When I was a teenager seriously coveting a cabled vest in one of my mom’s knitting magazines, Mom told me, “It’s not your turn. Go knit it yourself.” And with that, she launched me forth into my knitting, bigtime. Go Mom!

Now, she had taught me how to knit when I was ten, on a summer-long road trip, but it had been awhile since I’d really worked at it: enough so that I couldn’t remember quite how to go about it. Being a teenager, I was not about to admit that and ask for help; I just sat there, yarn and needles in hand, trying to picture Mom’s hands at work and how the yarn was supposed to lay between which fingers. I did ask, now, how do you do that cast-on, again? But after that I went carefully off by myself where nobody could catch on that I wasn’t sure what I was doing.

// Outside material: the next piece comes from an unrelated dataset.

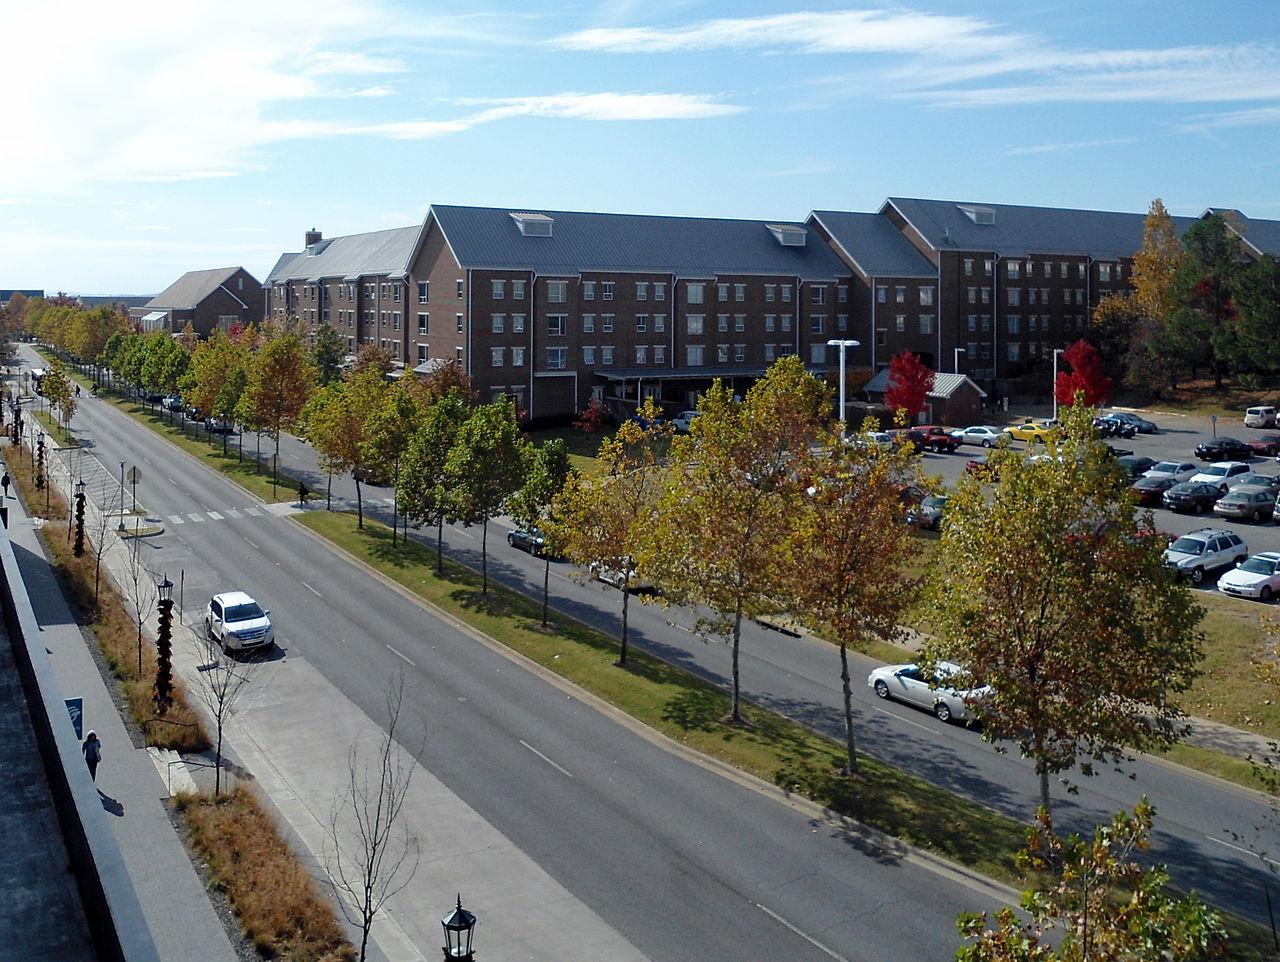 Px Garland Avenue C University Of Arkansas Campus C Autumn

The end result is that I concocted a knitting style that works perfectly for me and is utterly different from how she knits. It wasn’t till many years later that I discovered that, for my joint issues with my lupus, this was an exceedingly good thing, and that had I knitted Continental like I’d originally been taught, I probably never would have become a Knitter with a capital K. My style of grabbing the yarn every stitch involves virtually no wrist nor finger twisting and is far more comfortable for me.

That cabled vest came out gorgeous. Then the four-color Scandinavian sweater that I did in two weeks. Then the Vogue cardigan, good wool, all of them… I knit like crazy through high school–but then when I got to college, I found I just didn’t have the funds for the yarn anymore, nor the time, and let it go.

But then, later, married and graduated and with a baby on the way, I wanted her–I was sure she’d be a her–to have a handknit sweater. A cabled vest somehow seemed just the thing.

I went to Sears and bought some cheapo acrylic Red Heart. In fluorescent green. I know, I know… “Color is everything,” Constance Harker… There are those who will tell you that Red Heart softens up after the first time you wash it. And that may be true nowadays. It wasn’t true then, and the thing still feels like you could scrub burned pots with it. Unfortunately, thinking that’s all there really was out there to work with, knitting and yarn stores having become rare by then, that turned me off from knitting for a half dozen years or so, which I regret. All the cute baby things I never made!

But I wanted to show off this vest that I designed completely on the fly 25 years ago as a new mom-to-be. I look at it and think, not bad (don’t mind the seam coming apart at the bottom there. It’s earned its gray hairs-equivalent.)

And this is what I made when that daughter was about ten. We’d come a long way, baby.